31 октября. И вот наконец профессор Джейсон зашел ко мне! Добросердечный мистер Лизарс привел его сегодня утром, как раз когда я заканчивал письмо к Виктору. Он был добр со мной, очень добр, и все же я не до конца понимаю этого человека; должен признать, во взгляде его есть что-то недосягаемое для меня, но завтра в девять я буду завтракать у него. Он говорит, что с моего разрешения объявит о моей работе миру, и я не сомневаюсь, что обрету в его лице прекрасного друга. Сыновья доктора Томпсона заходили — высокие, стройные, привлекательные, — извинились за отца и пригласили меня завтракать в четверг; а молодой доктор Генри заходил и тоже пригласил меня на завтрак. Мистер Патрик Саймс, ученый шотландец, пробыл у меня довольно долго, и утро выдалось очень приятным в помещении, хотя на улице было холодно и шел дождь. Эдинбург даже под дождем, ведь я совершил прогулку, удивительно красив, живописен, романтичен; я в восторге от него. Мистер Лизарс пригласил меня зайти в девять вечера провести у него вечер; ну, по мне, это больше похоже на то, чтобы остаться на ночь. Сегодня, когда я на минуту заглянул к нему домой, я встретил миссис Лизарс; она первая дама, с которой меня здесь познакомили, и она очень красива. Половина двенадцатого, и я только что вернулся от мистера Лизарса, где провел исключительно приятный вечер. Я видел некоторые оригинальные рисунки мистера Селби и сэра Уильяма Жардина, и мне больше не страшно. Но мне пора отдыхать, ибо я терпеть не могу засиживаться допоздна и люблю вставать до рассвета.

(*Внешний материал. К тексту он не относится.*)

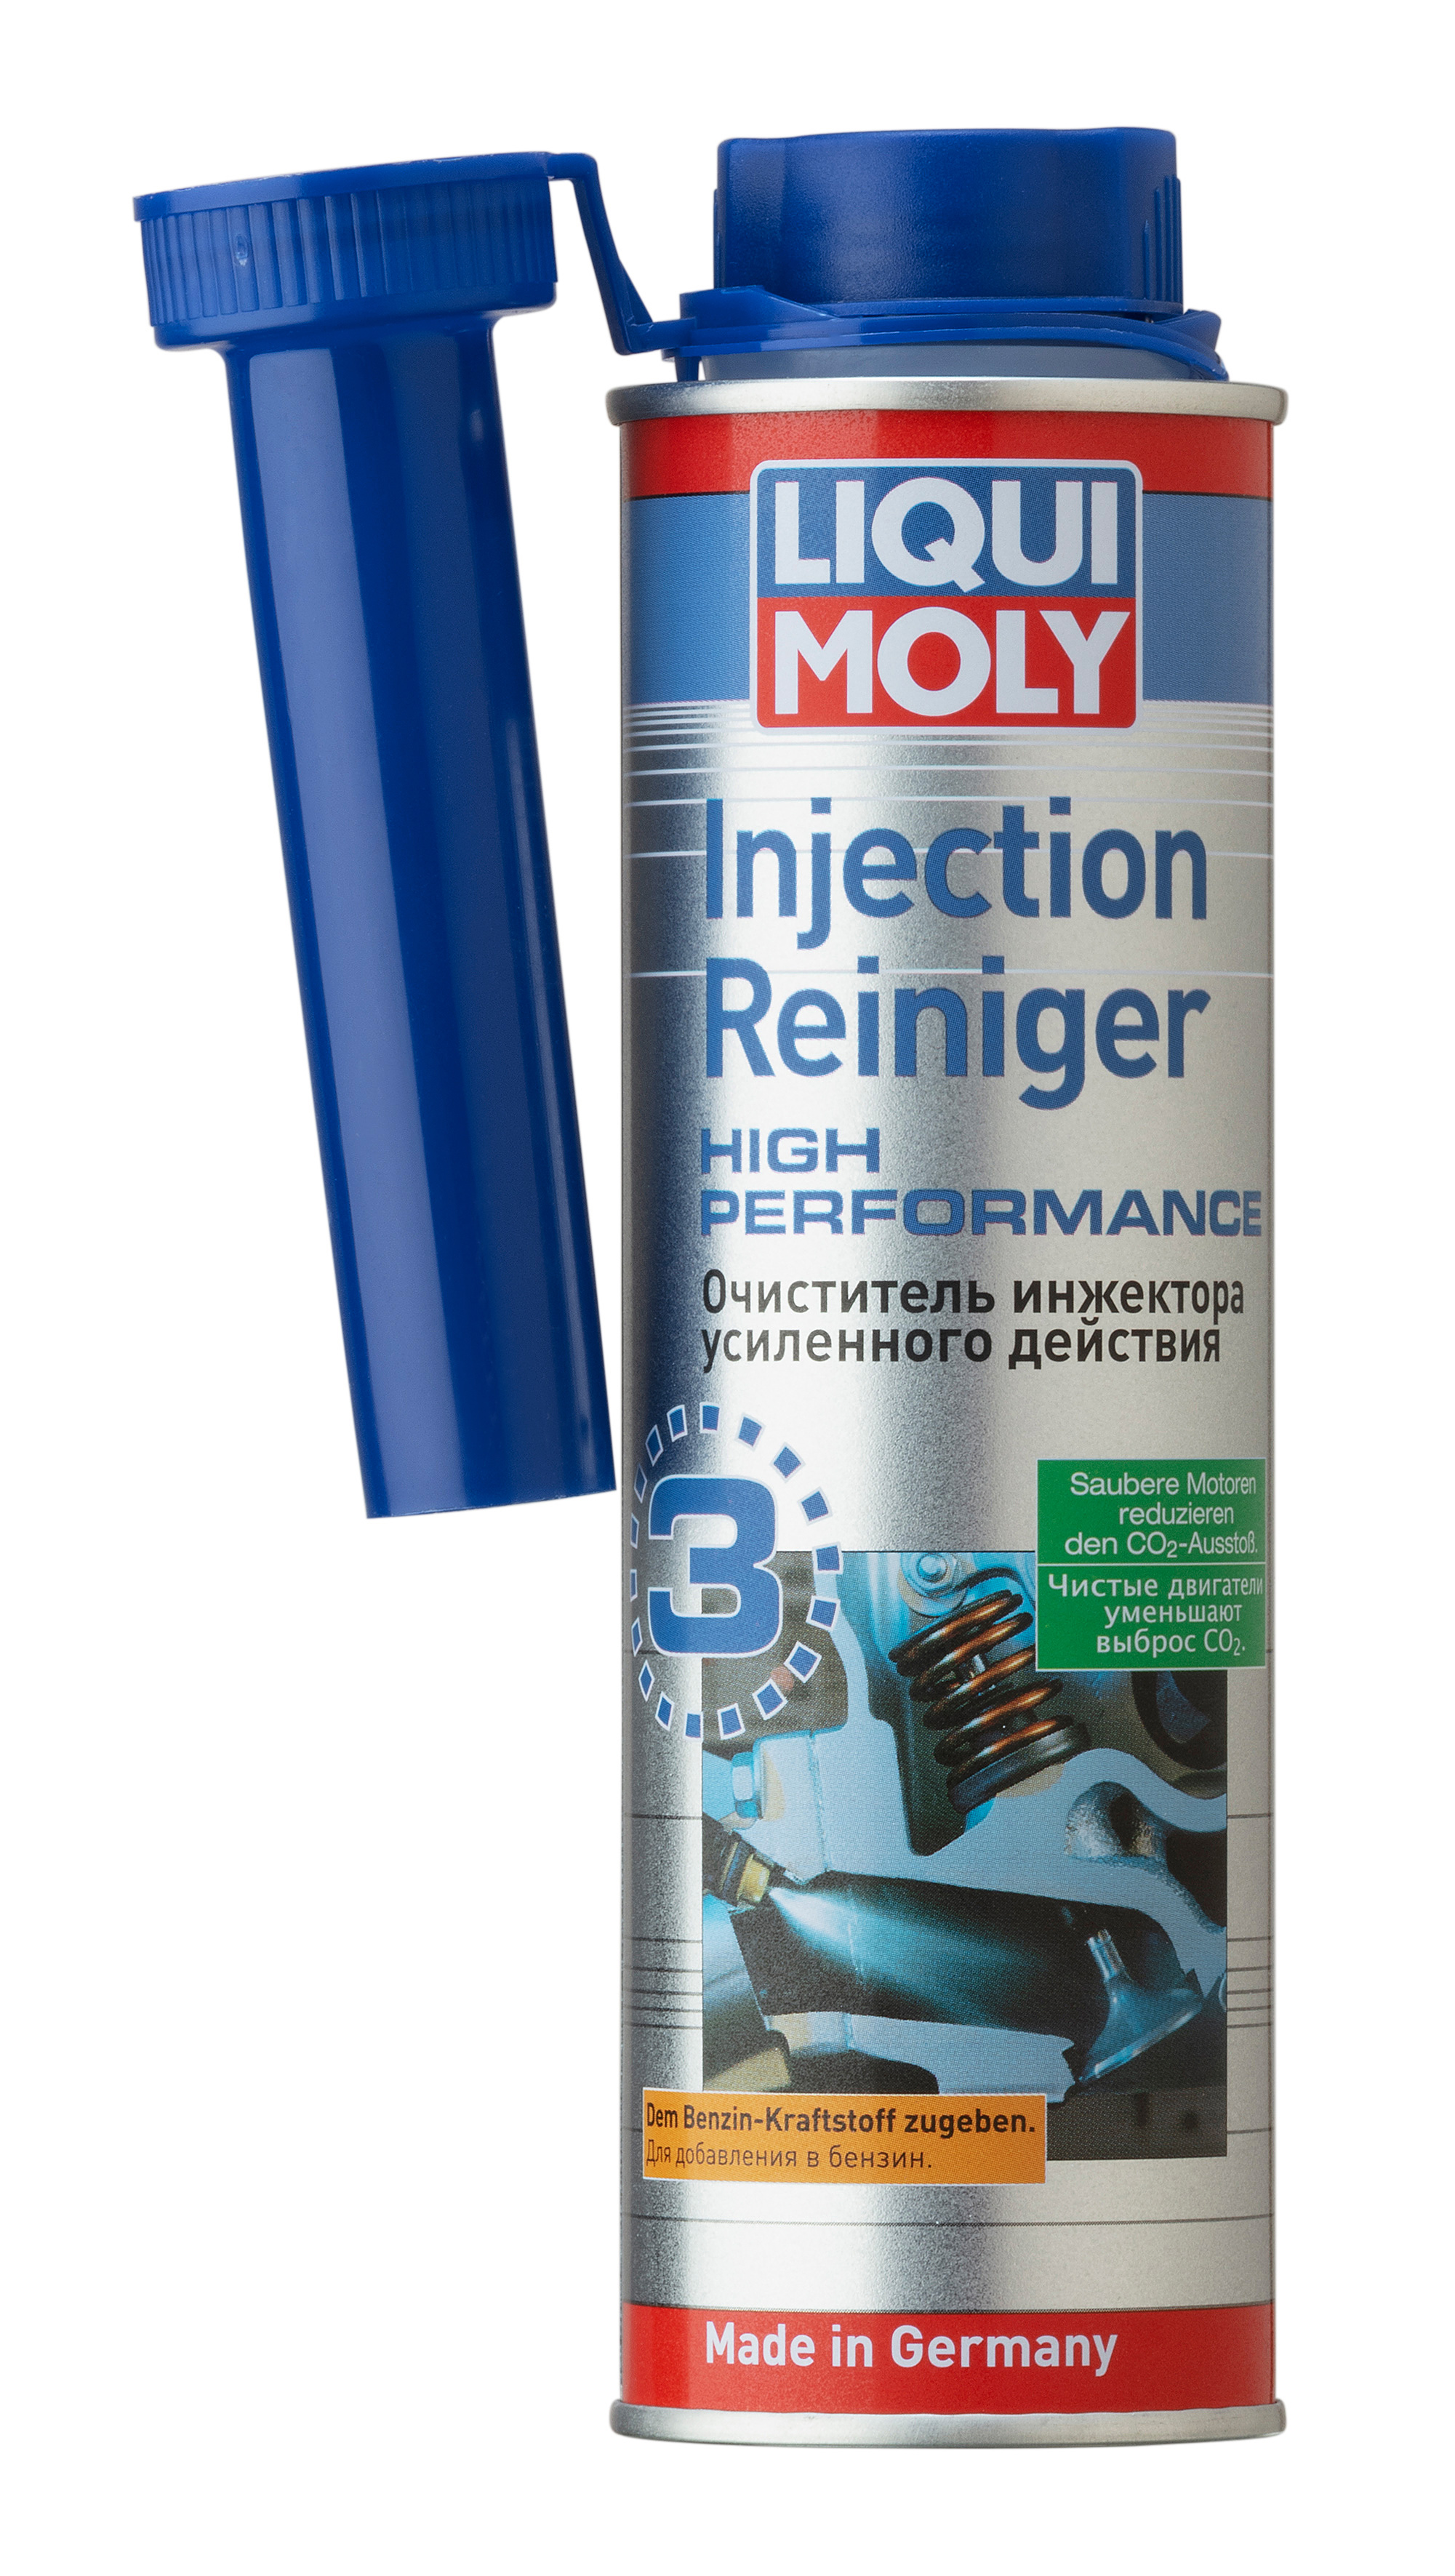 Очиститель инжектора LIQUI MOLY 0,3л Injection Reiniger High Performance

1 ноября. Я завтракал у профессора Джейсона. Прекраснейший дом, прекрасное абсолютно все, в придачу к завтраку. Профессор носит волосы в трех разных направлениях; когда он сидит лицом на юг, например, волосы на его лбу зачесаны на запад, волосы сзади — на восток, а совсем короткие волосы на макушке торчат строго вертикально, пожалуй, отчасти напоминая иглы „сердитого дикобраза“. Но не будем обращать внимания на декоративные внешние придатки его черепа, разум внутри велик и полон благородства, проистекающего из доброго, щедрого сердца. Профессор Джейсон сегодня уже не тот человек, каким я его представлял при первой встрече. Он проявил ко мне необычайную сердечность и пообещал столь мощную поддержку с такой силой, что я уверен: на него можно положиться. Я покинул его с сестрой в десять, так как нам обоим предстояло много дел помимо разговоров и распития горячего кофе со сливками; но разлука наша длилась недолго, ибо в полдень он вошел в мою комнату с несколькими джентльменами посмотреть мои рисунки. До четырех часов я был занят тем, что показывал картину за картиной, держа каждую на вытянутой руке, очень устал, и мне показалось, что моя левая рука вознамерилась устроить революцию. Когда гости ушли, я вышел прогуляться, получил необходимую порцию физической нагрузки, то и дело слыша за спиной реплики в свой адрес вроде: „Это немецкий врач“; „Вон французский аристократ“. Я завершил прогулку у мистера Лизарса и, находясь у него, выразил желание раздобыть виды прекрасного Эдинбурга; он ушел в другую комнату и принес альбом с видами, который я с интересом полистал. Затем он попросил меня что-нибудь для него нарисовать, и когда я закончил виньетку, он пододвинул ко мне альбом великолепного Эдинбурга; на первой странице было написано: „Джону Дж. Одубону как весьма несовершенное выражение уважения к его таланту художника и человеческим качествам друга от Уильяма Х. Лизарса, гравера „Видов Эдинбурга““. Впервые в жизни я увидел — пусть и при газовом свету — некоторые работы мистера Лизарса: печать с медных досок, раскраску акварелью и маслами и т. д. Как мало я знаю! Как я невежествен! Но я буду учиться. Я лег спать после чтения последнего романа сэра Вальтера — книга настолько мне понравилась, что я засунул ее под подушку, чтобы видеть о ней сны, как дети под Рождество; но мои сны потекли совсем в другую сторону, и мне приснились буковые леса моей дорогой родины.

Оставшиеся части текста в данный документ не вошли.